• **About this task**:
Leave out the pictures and repeat the data exactly.
== Information supplied ==
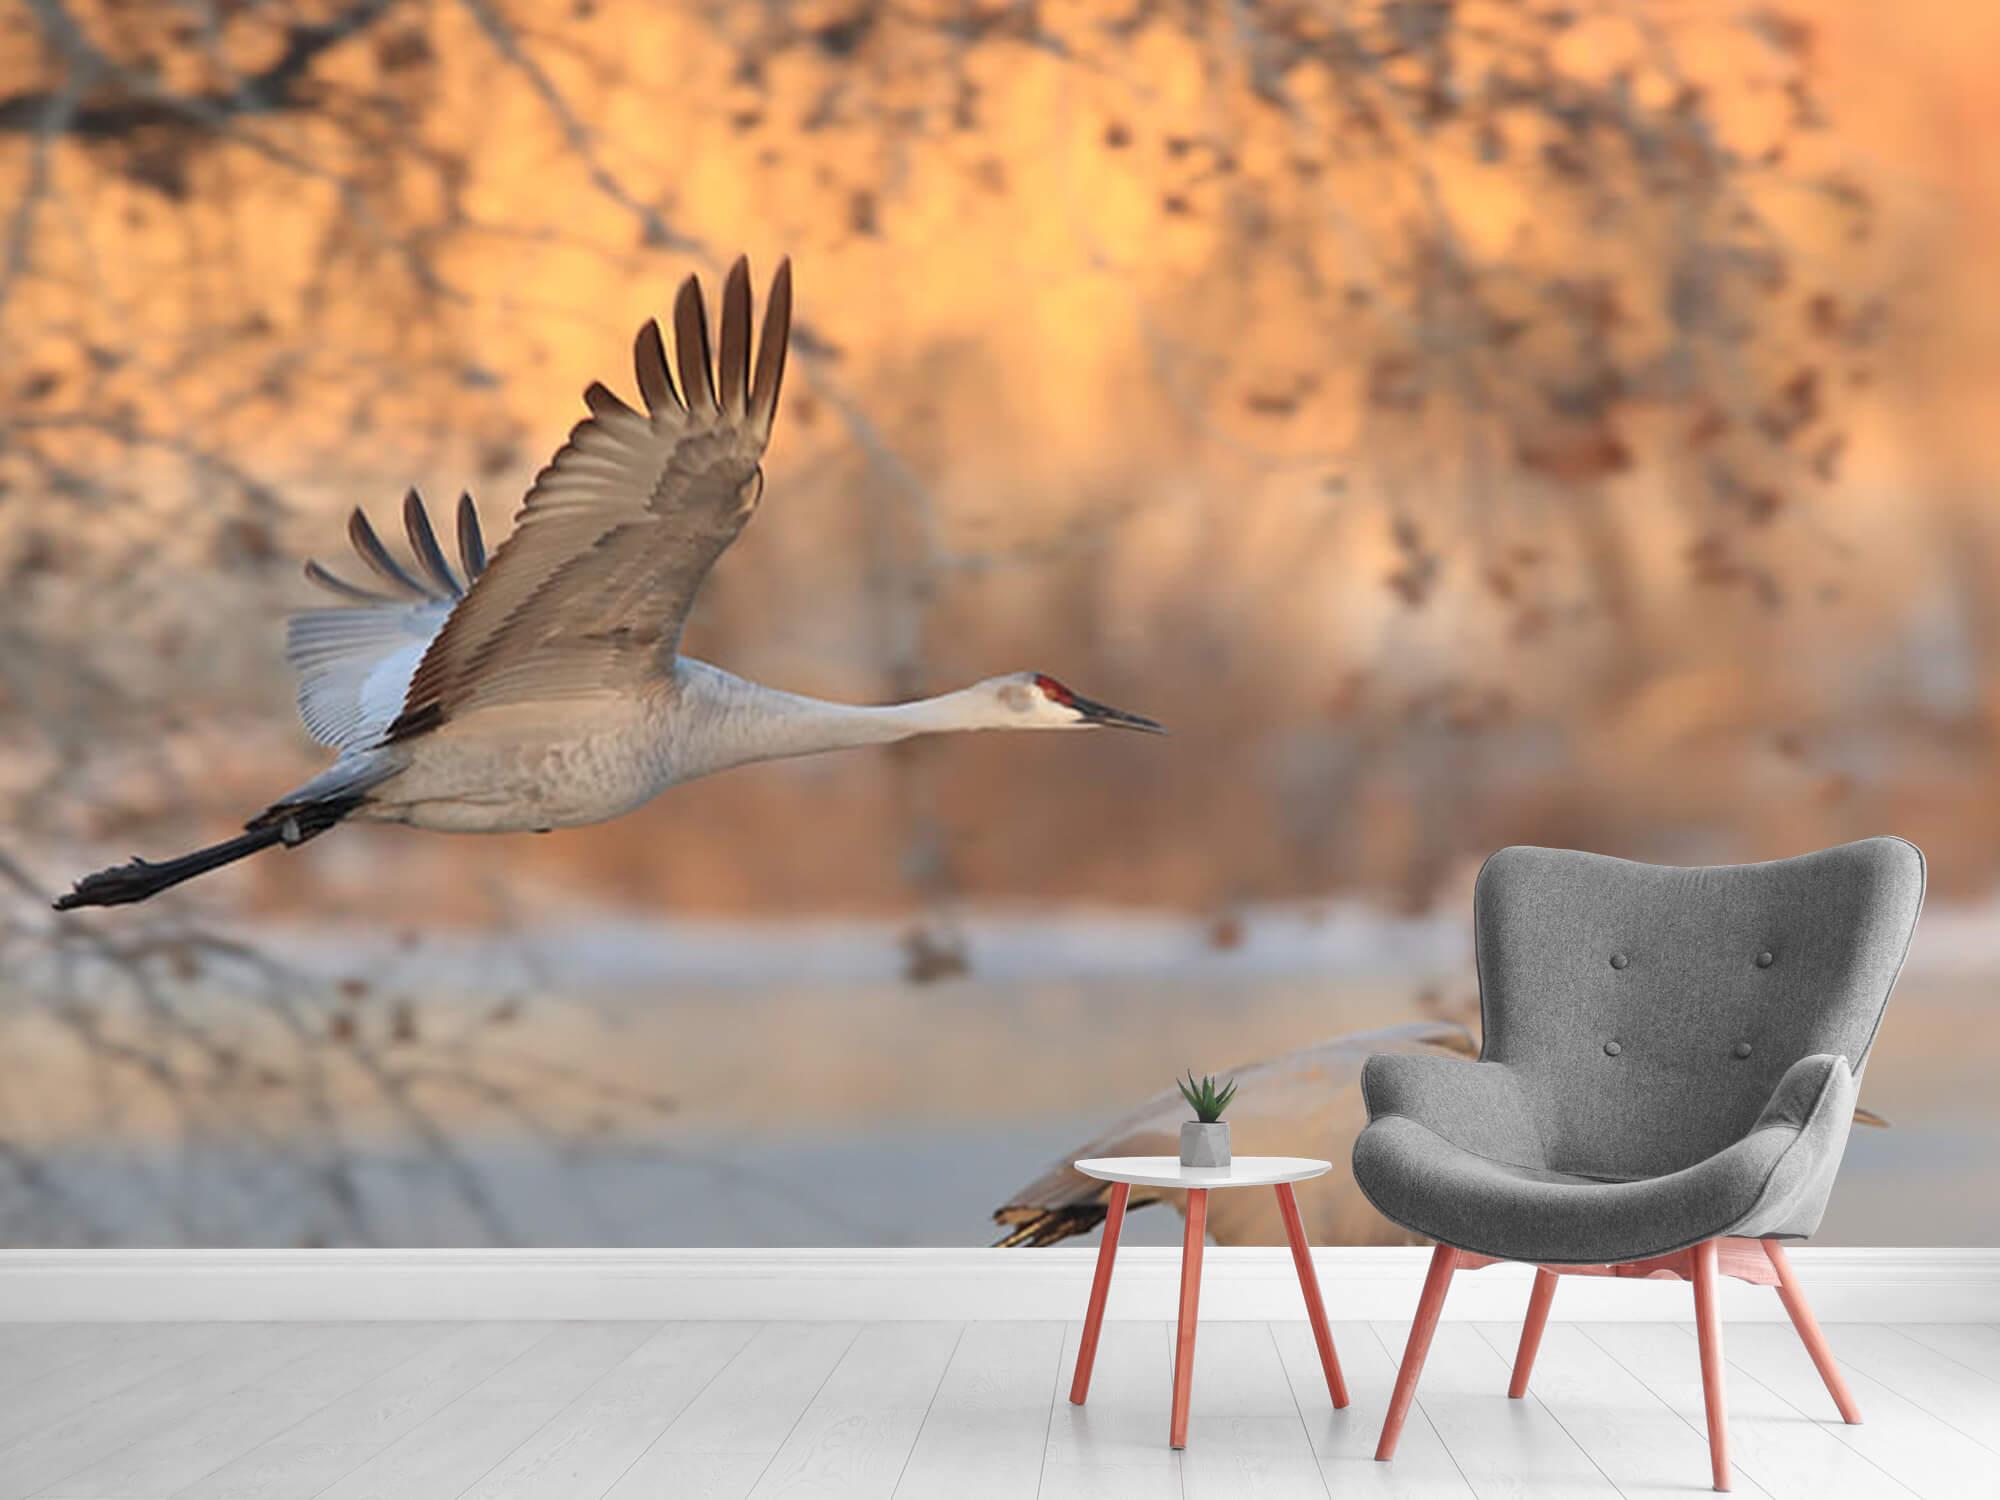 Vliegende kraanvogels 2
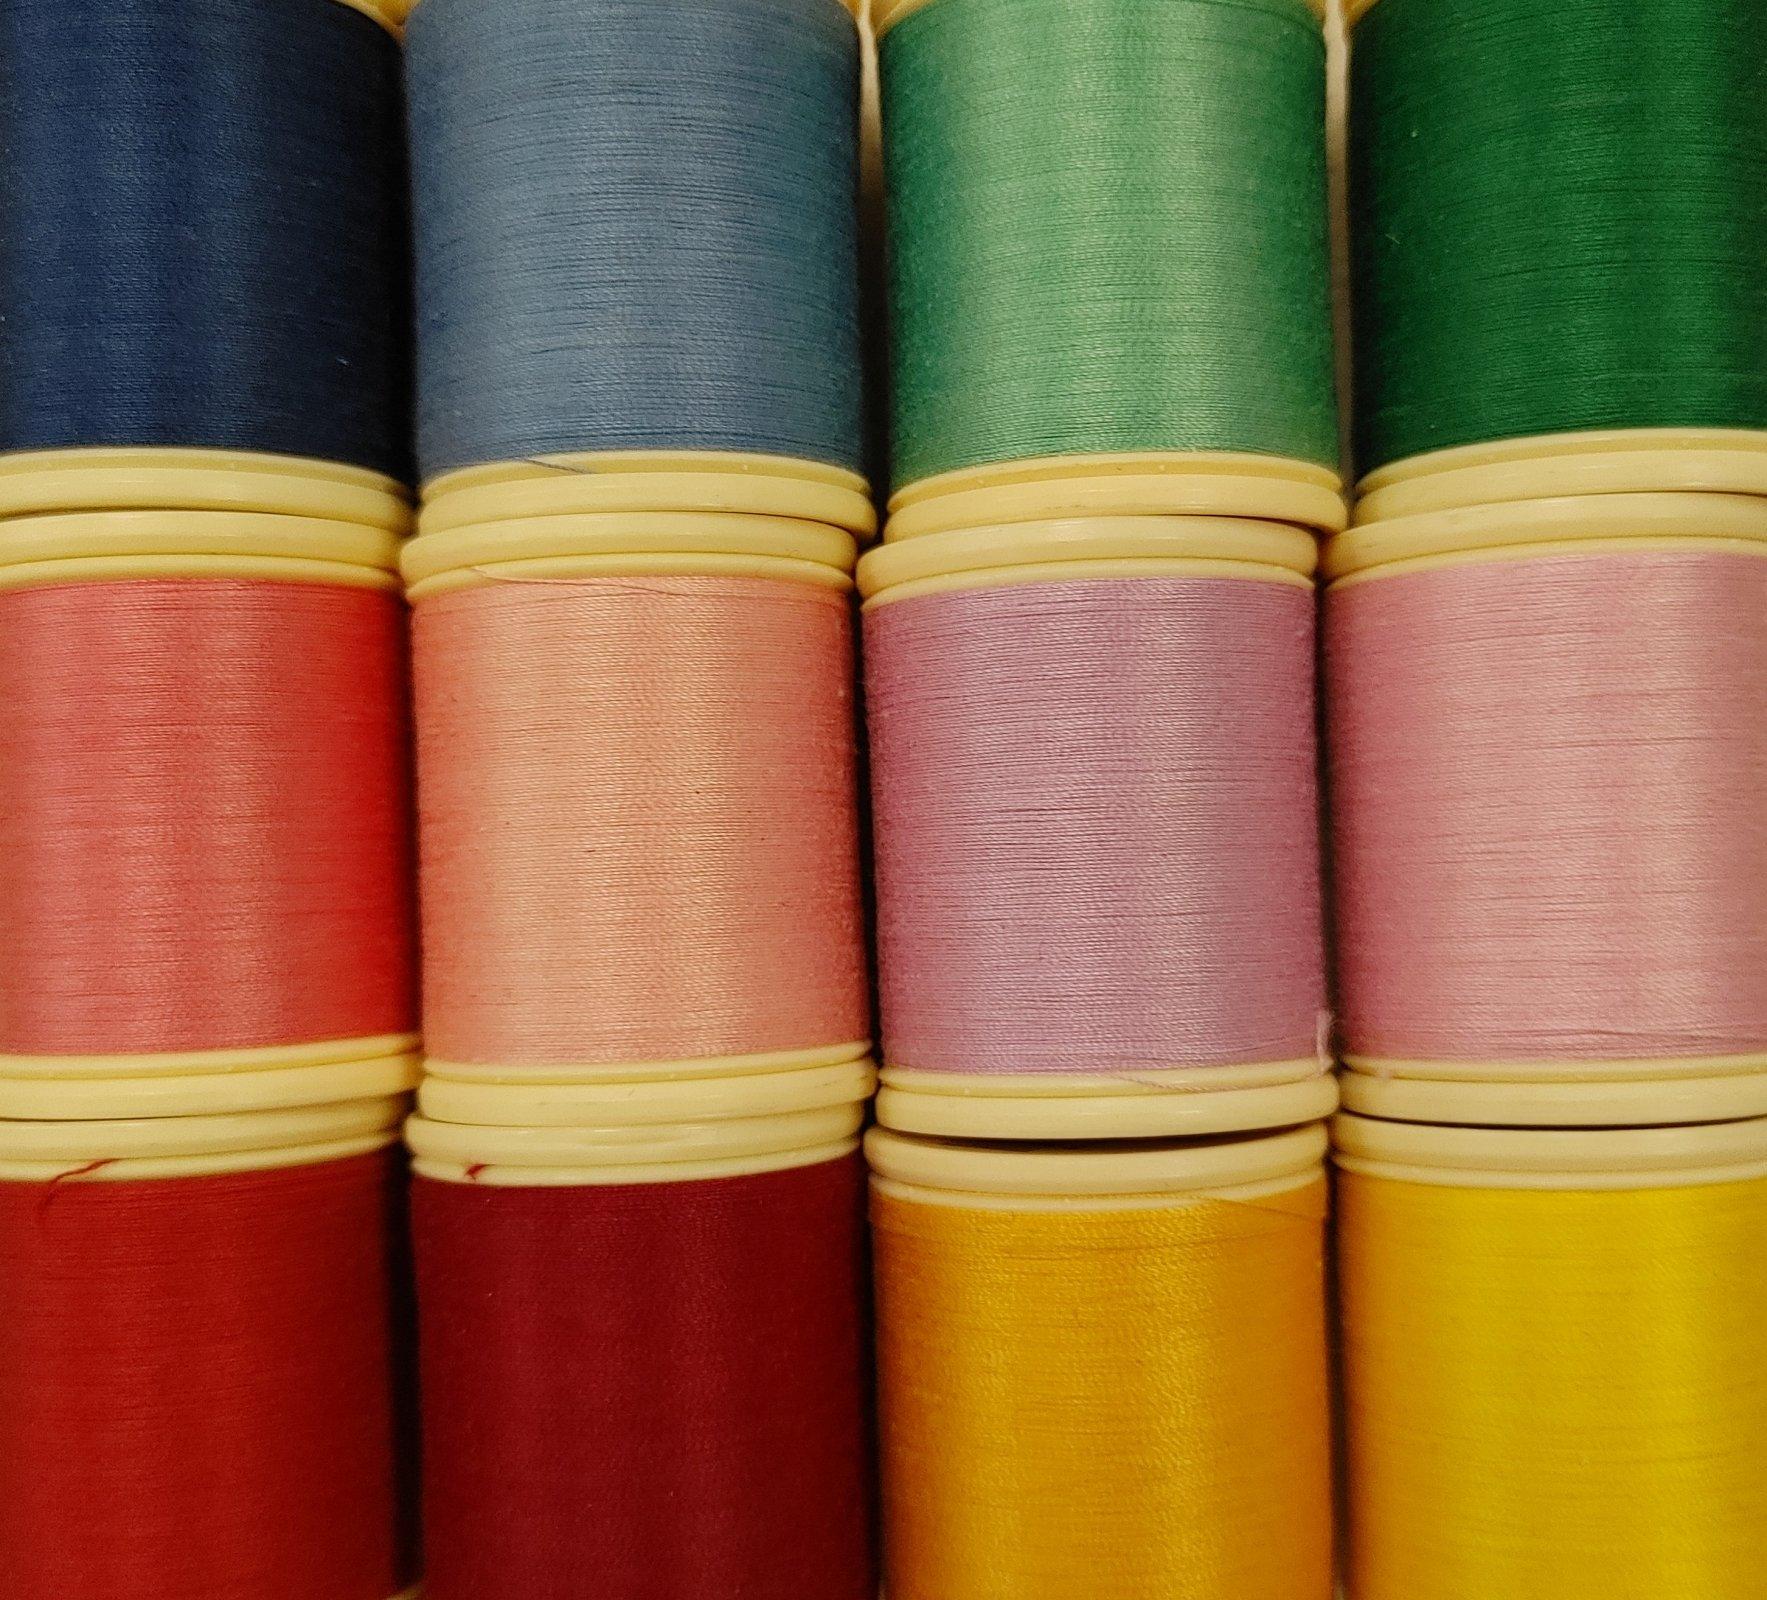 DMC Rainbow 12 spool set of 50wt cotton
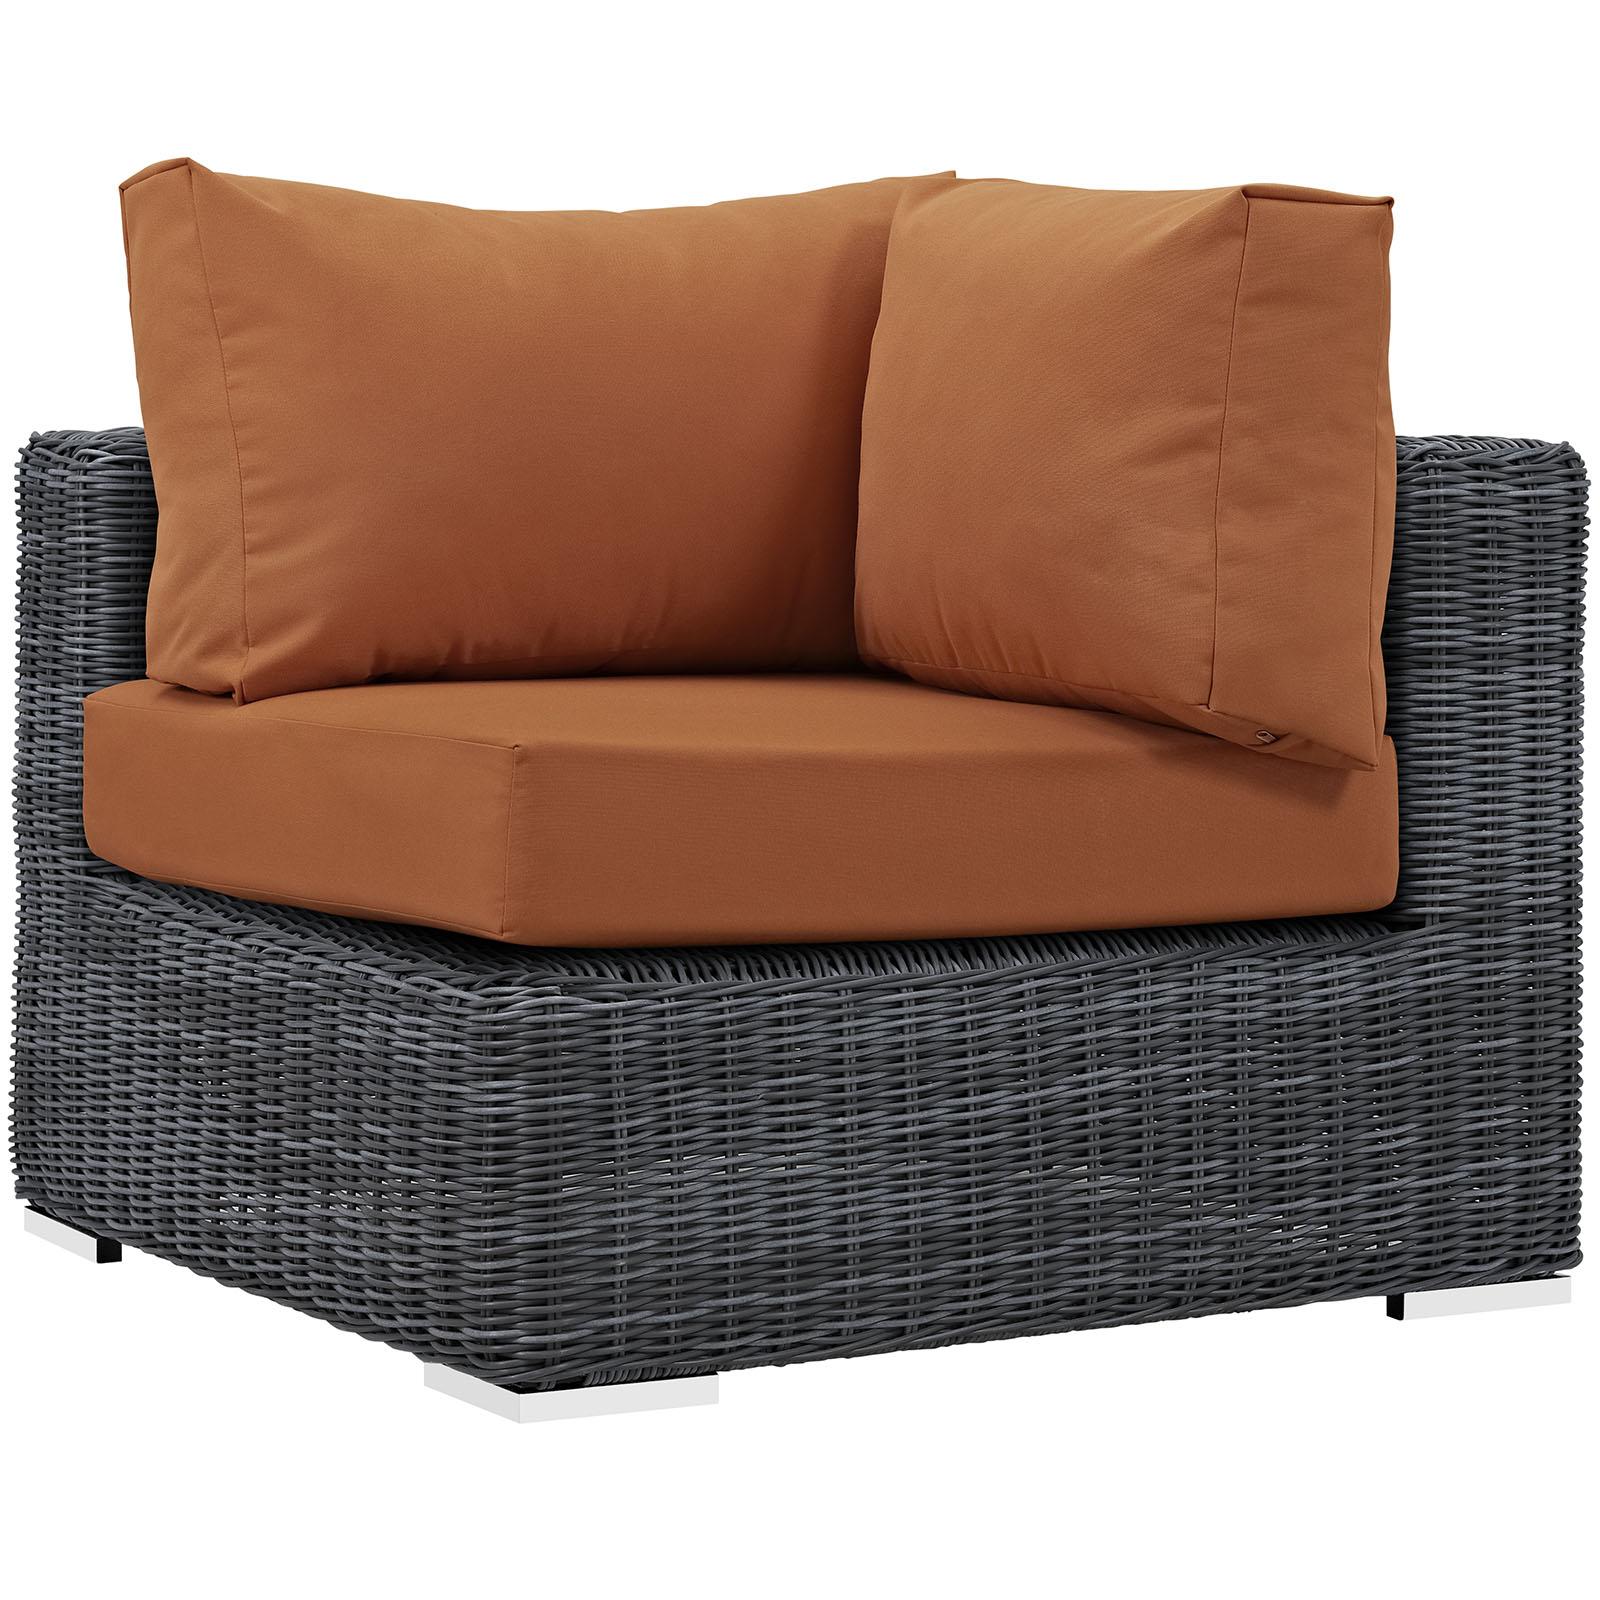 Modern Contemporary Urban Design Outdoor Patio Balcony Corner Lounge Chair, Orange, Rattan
===
• **Result of this exercise**:
 Vliegende kraanvogels 2
 DMC Rainbow 12 spool set of 50wt cotton
 Modern Contemporary Urban Design Outdoor Patio Balcony Corner Lounge Chair, Orange, Rattan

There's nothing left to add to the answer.